It is well known that there is gender difference in the prevalence of NAFLD and depression. While NAFLD is more common in men (1), depression is more prevalent in women (27). In our study, women had a prevalence of depression (6.7%) up to twice that of men (3.5%), whereas men had a higher prevalence of NAFLD (43.3%) than women (15.1%). Thus, we stratified the population according to gender, and the rate of individuals having both depression and NAFLD increased after adjusting for gender, resulting in a significant association between NAFLD and mood disorder only in women.
The pathogenesis underlying the association between NAFLD and depression or anxiety has not been fully elucidated. There are possible explanations for the close link between hepatic steatosis with insulin resistance and poor glycemic control, both of which have been associated with depression (28) or anxiety (16). The involvement of insulin signaling on brain mechanisms related to depression indicates that insulin resistance may be one of the main pathogenic drivers for NAFLD (29). In addition, increased inflammation markers (30) and pro-inflammatory cytokines, such as tumor necrosis factor-alpha and interleukin-6, in patients with mood disorders may offer another plausible explanation for the association of these mood disorders with NAFLD (31). Another line of evidence suggests the involvement of the serotonin pathway. Experimental murine models of NAFLD showed that serotonin played an important role in the pathogenesis of NASH. Additionally, the expression of monoamine oxidase-A, one of the main enzymes catalyzing monoamines such as serotonin, increased in patients with NASH (32).
The strengths of this study include the large sample size, which ensured the robustness of results, and the STAI scale, which was able to assess both types of anxiety, including trait or chronic anxiety, which reflects a person's permanent characteristics, and state or acute anxiety, which reflects a recent state (33).
There are several limitations in this study. First, due to its observational study design, the results need to be interpreted cautiously. The association between NAFLD and mood disorder may not imply causality. Further research with longitudinal study design is needed to clarify the causal relationship. Second, since depression or anxiety was defined based on the self-reporting questionnaire, there is the potential for over- or underreporting-related symptoms. Because the recommended cutoff points of BDI or STAI is not consistent among specific disease or populations (34–38), we used the cutoff values referring to previous study based on Korean population (18). Third, although liver biopsy is considered to be a gold standard for the diagnosis of NAFLD, it was assessed only by ultrasonography in this study. Thus, there may be a limitation of lack in accurate diagnoses for mild steatosis. And although the fibrosis was found to be a critical factor in mental health of NAFLD patients (39), we could not evaluate the fibrosis stage.
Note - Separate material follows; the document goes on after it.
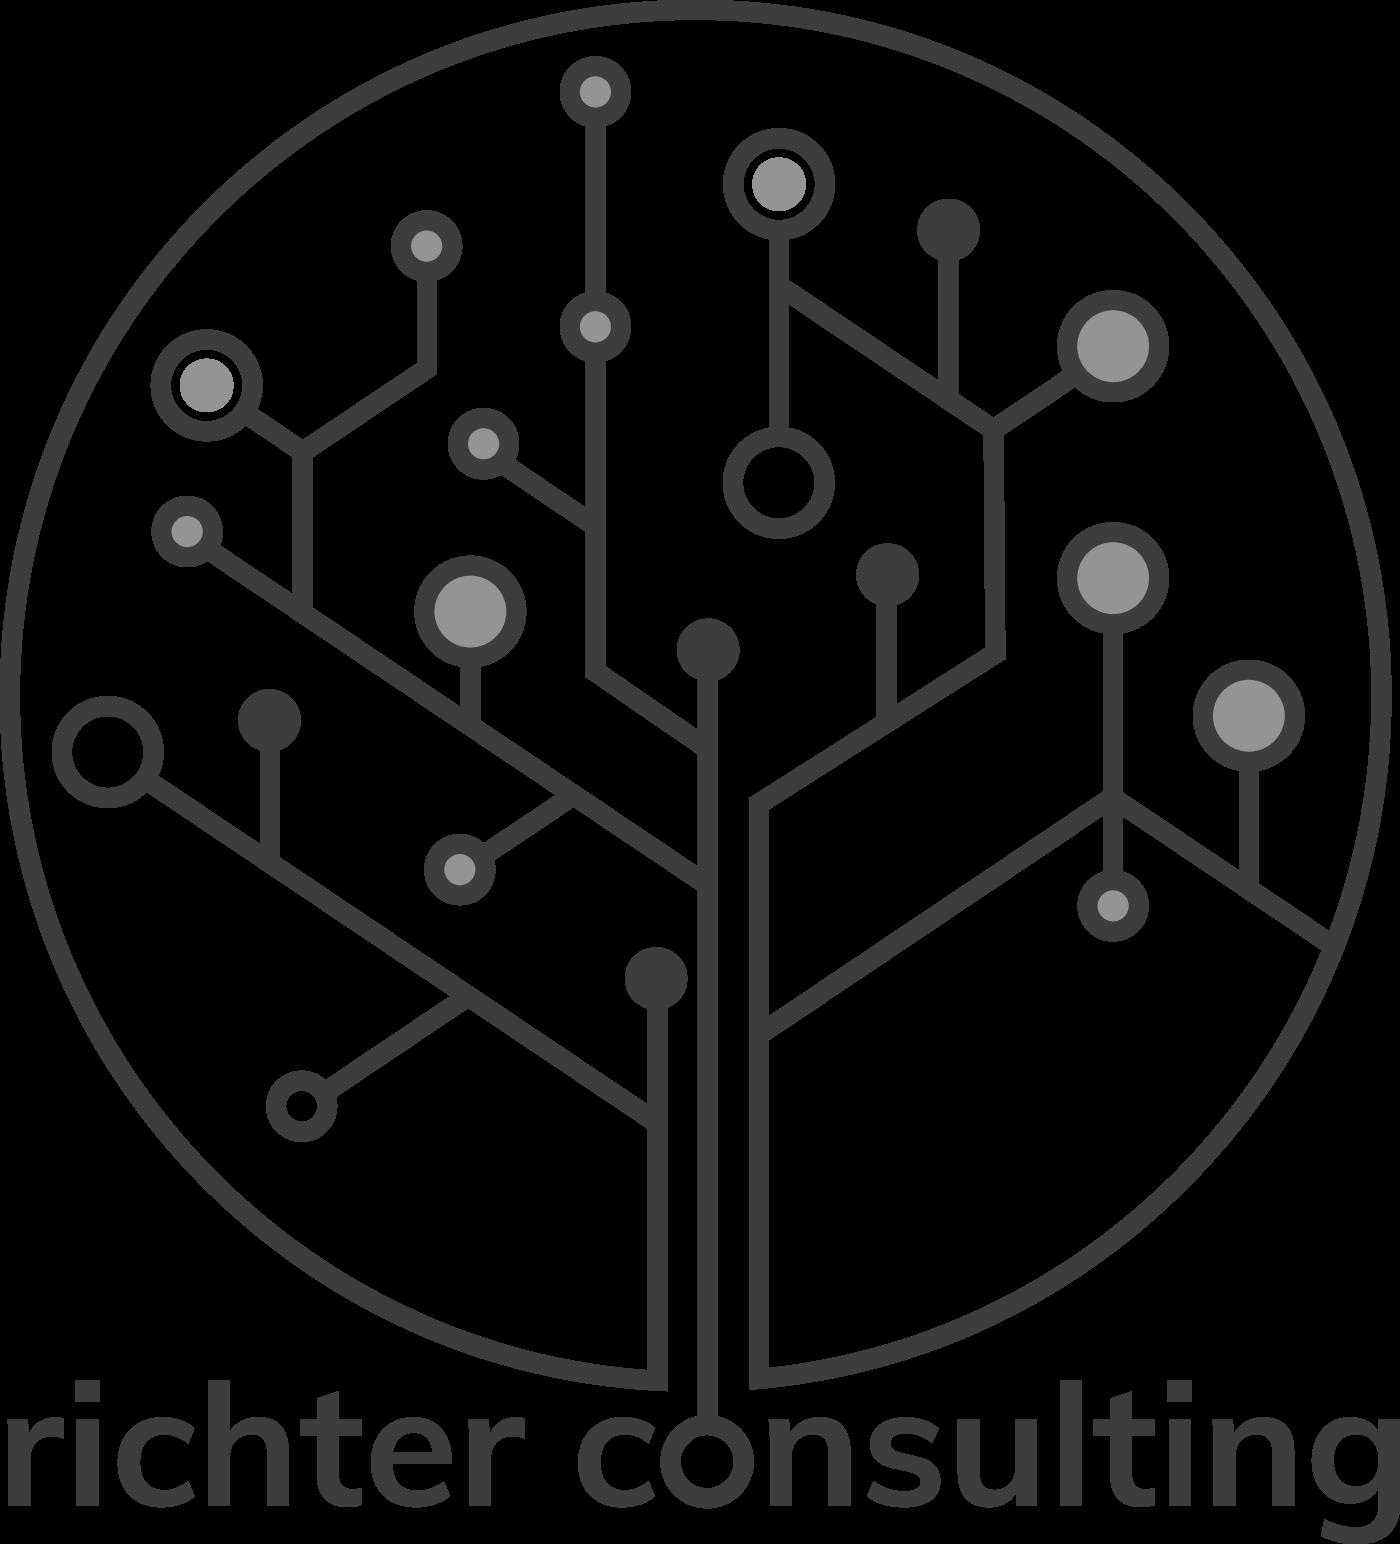 Logo richter consulting gmbh

In clinical practice, liver biopsy is not typically used in healthy subjects due to its invasiveness. Thus, radiographic techniques such as ultrasonography or magnetic resonance imaging are used for the diagnosis of NAFLD. Fourth, we could not assess the influence of the history of anti-depressant medications. Fifth, as a result of this study using the previous cohort (18), there is a limitation that there is no information on the history of hypertension. However, systolic and diastolic blood pressure were adjusted as variables in the multivariate analysis. Finally, because we could not exclude all patients that have drinking habit, there might be bias in the results.
In conclusion, NAFLD was significantly associated with depression in women, and severe NAFLD was significantly associated with anxiety in the female group compared to non-NAFLD. Understanding the association between NAFLD and mood disorders may have clinical implications for reducing the prevalence of comorbidities, and appropriate screening and active referrals for early treatment of depression may be suggested for patients with NAFLD.
Data Availability Statement
The raw data supporting the conclusions of this article will be made available by the authors, without undue reservation.
The studies involving human participants were reviewed and approved by Institutional Review Board of Seoul National University Hospital. Written informed consent for participation was not required for this study in accordance with the national legislation and the institutional requirements.
GC conceived the idea, determined the study design, collected the data, drafted and revised the manuscript. JC and SK collected the data, performed the statistical analysis and revised the manuscript. MK, JYa, and JYi collected and reviewed the data, and revised the manuscript. BP performed the statistical analysis. All authors contributed to the article and approved the submitted version.
Conflict of Interest
The authors declare that the research was conducted in the absence of any commercial or financial relationships that could be construed as a potential conflict of interest.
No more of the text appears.